*** Block opens ***
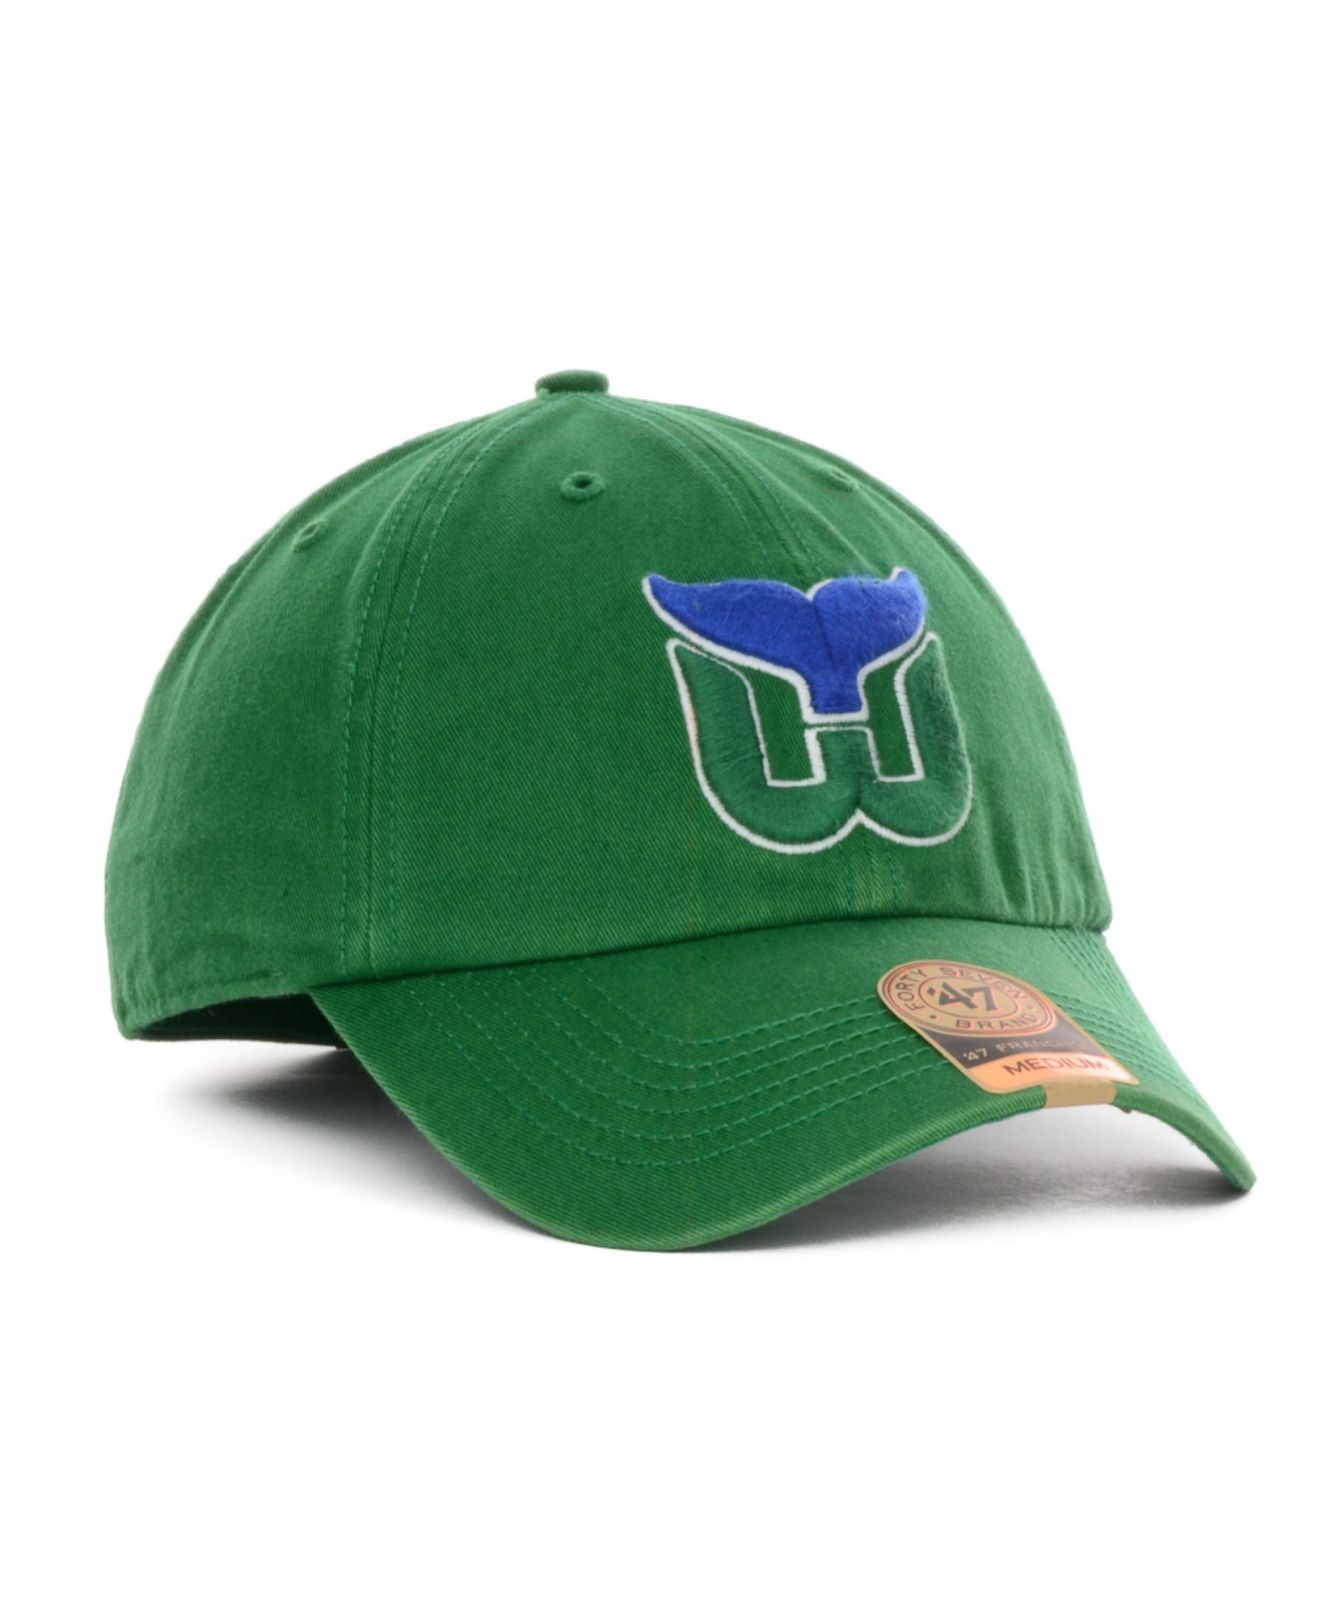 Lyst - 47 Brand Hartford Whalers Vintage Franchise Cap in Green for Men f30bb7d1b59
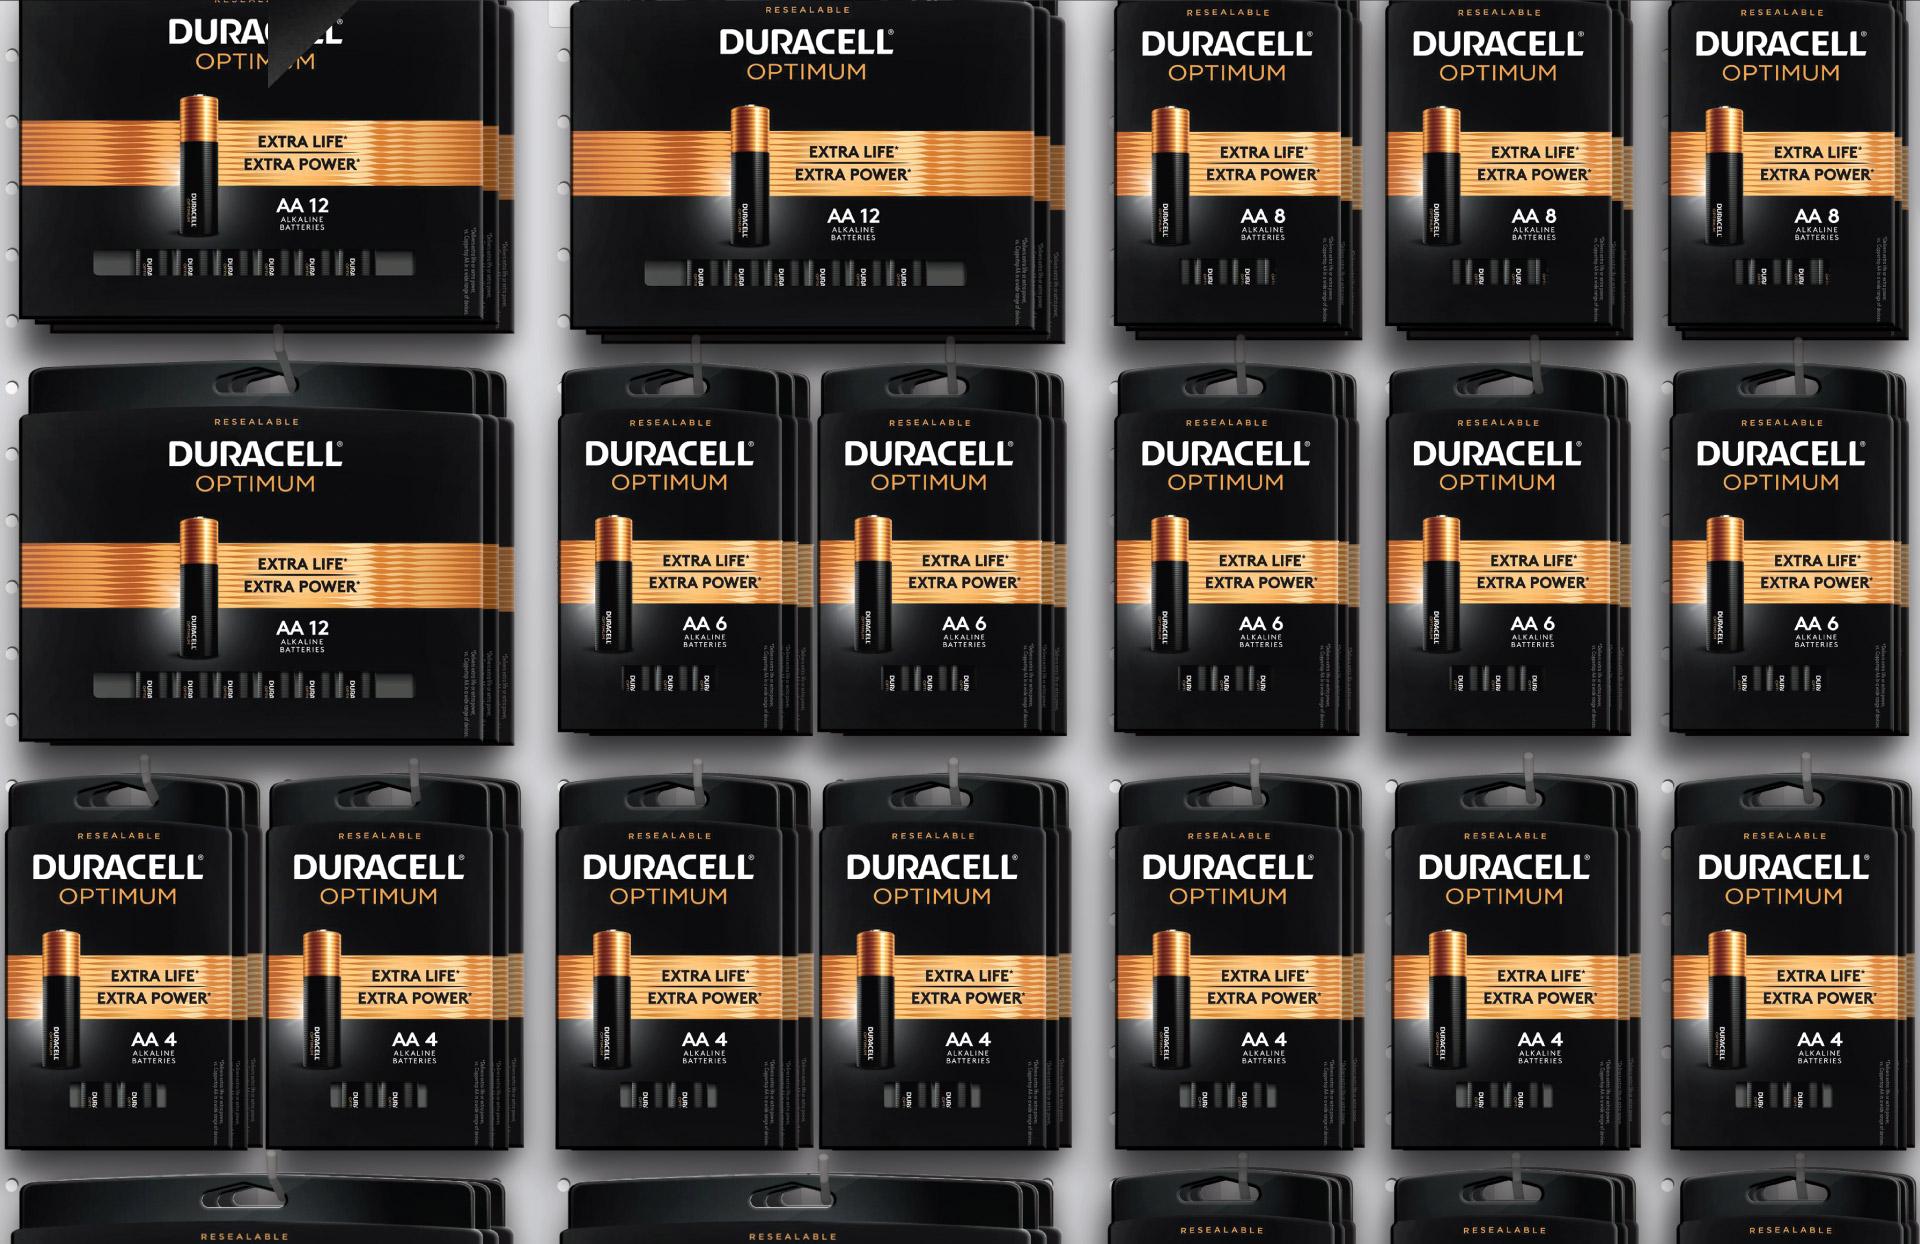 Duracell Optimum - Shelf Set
*** Block closes ***
*** Block opens ***
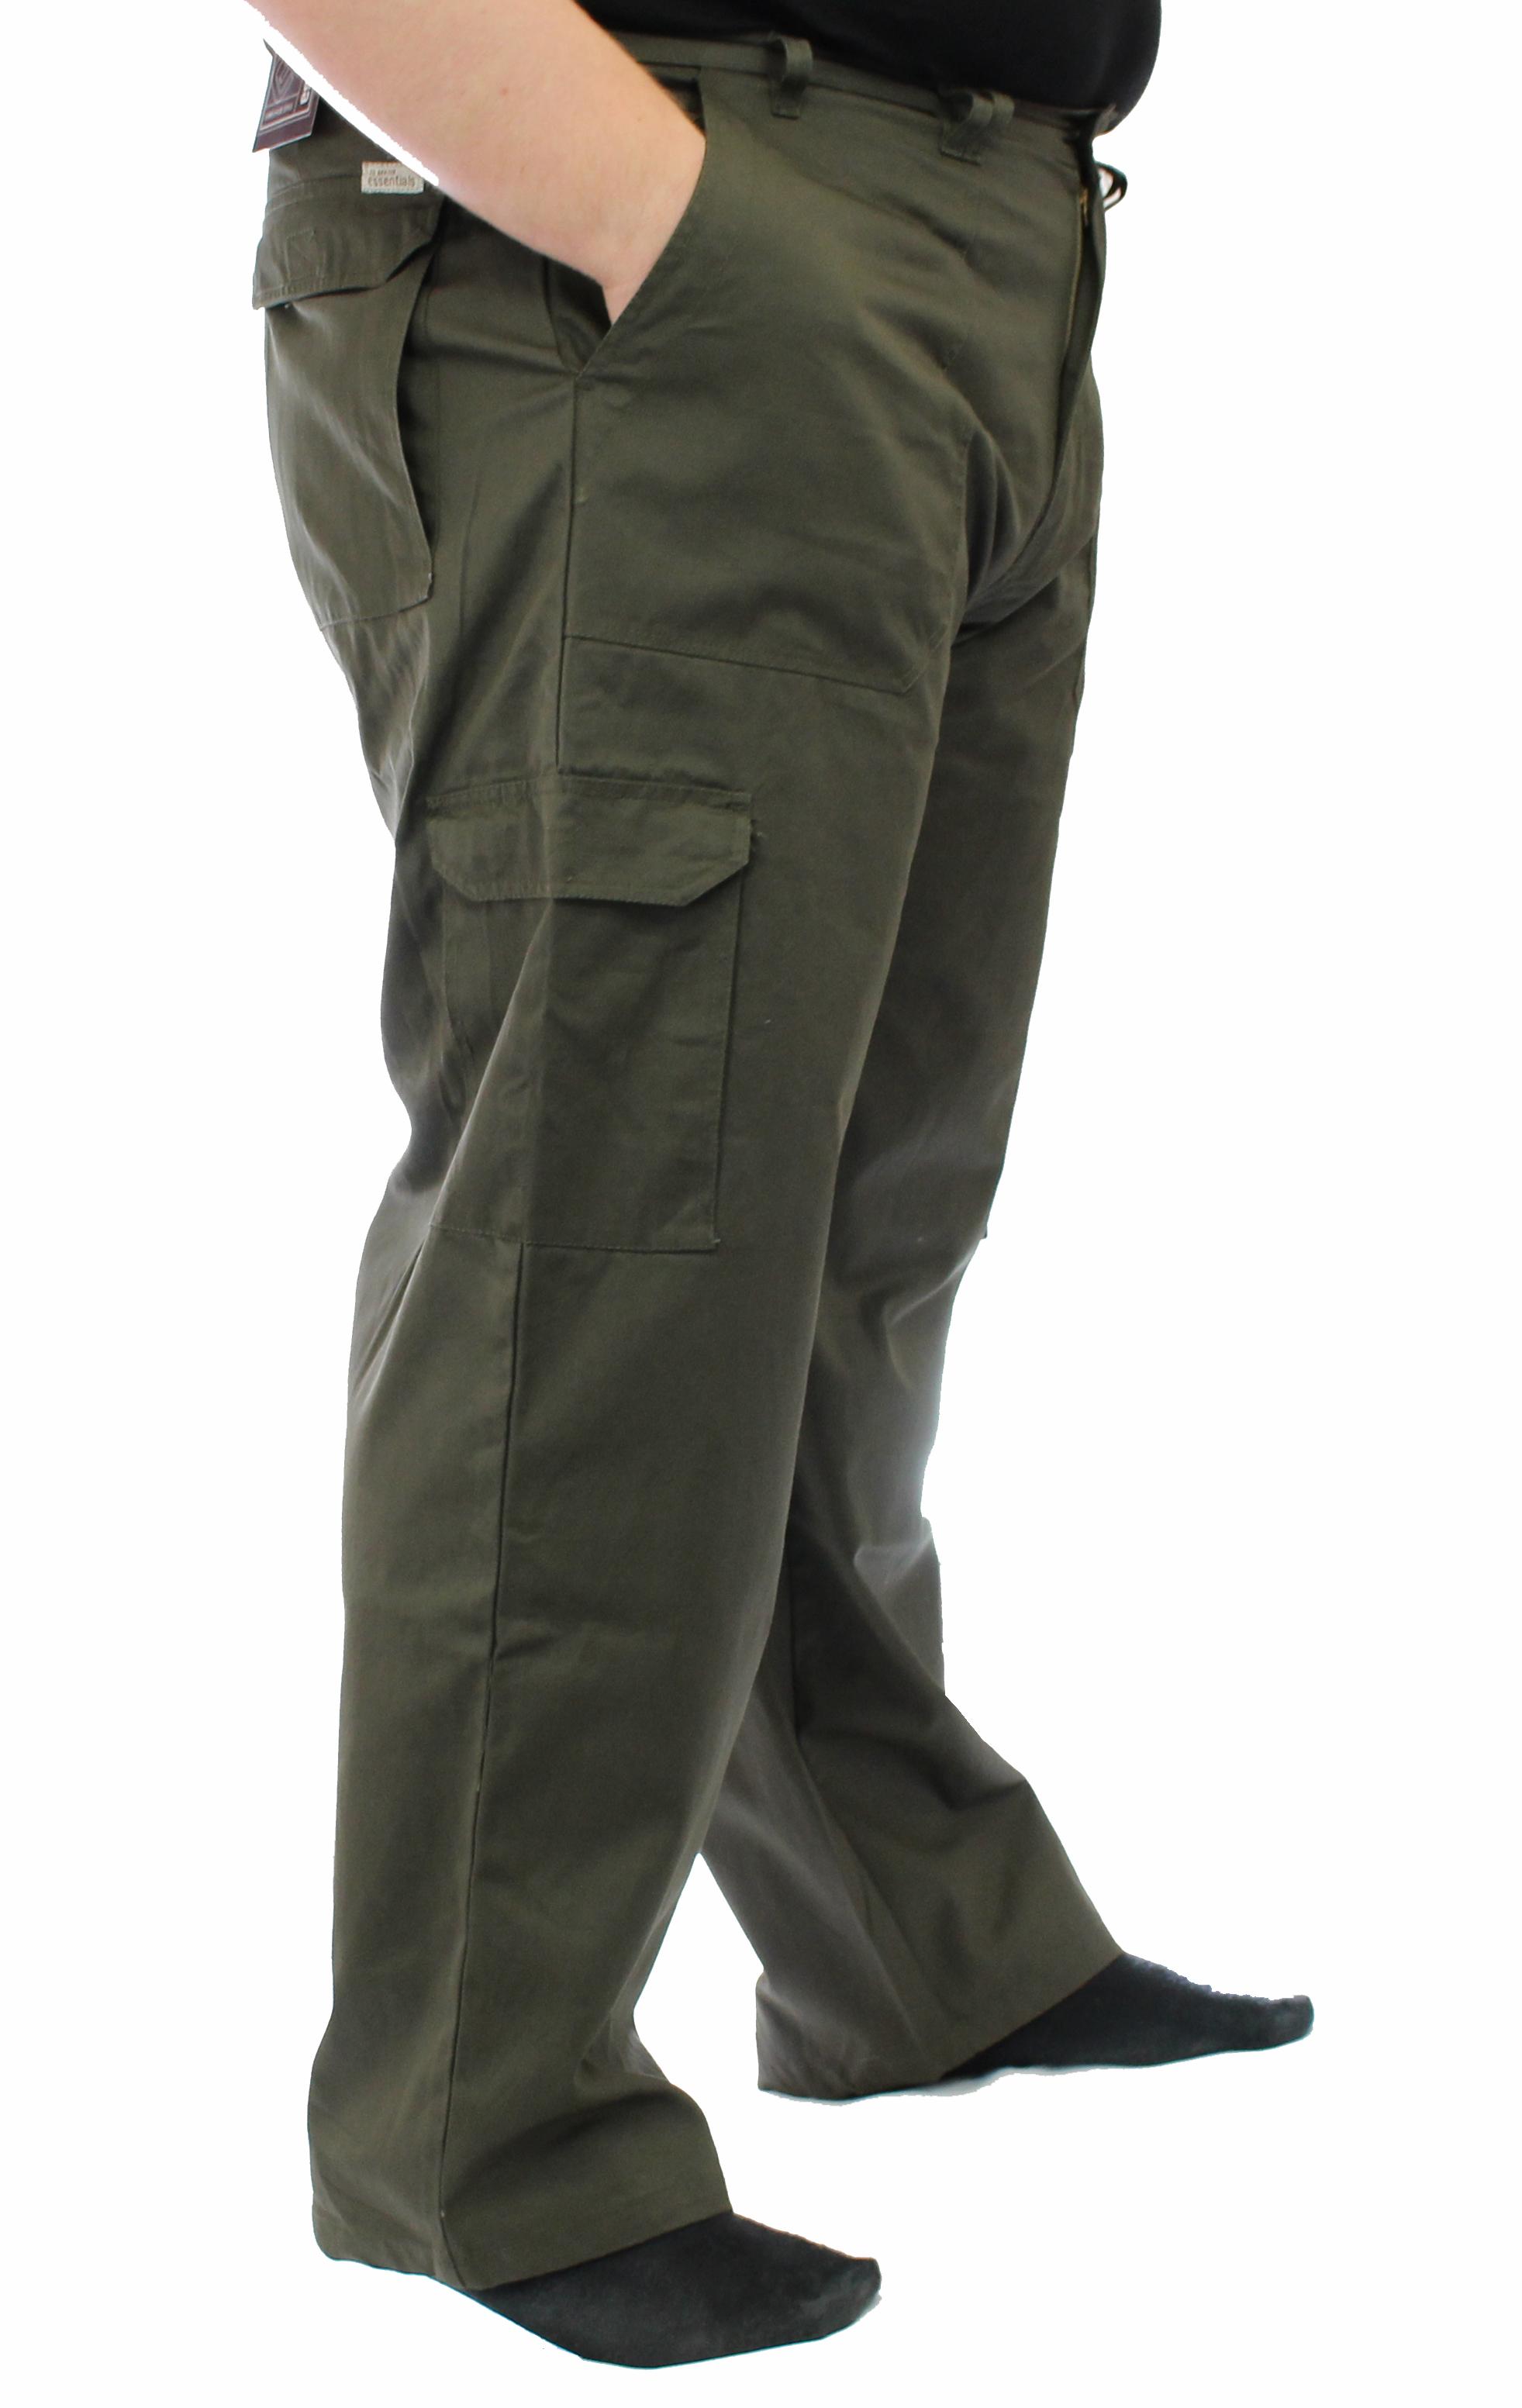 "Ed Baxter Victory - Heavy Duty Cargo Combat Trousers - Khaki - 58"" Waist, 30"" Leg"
*** Block closes ***
§ **Aim of the task**
From the records above, copy exactly the lines starting at the one with "Lyst - 47 Brand" and ending at the one with "Duracell Optimum - Shelf Set", and no others. Pictures stay out.

§ **Solution below**
 Lyst - 47 Brand Hartford Whalers Vintage Franchise Cap in Green for Men f30bb7d1b59
 Duracell Optimum - Shelf Set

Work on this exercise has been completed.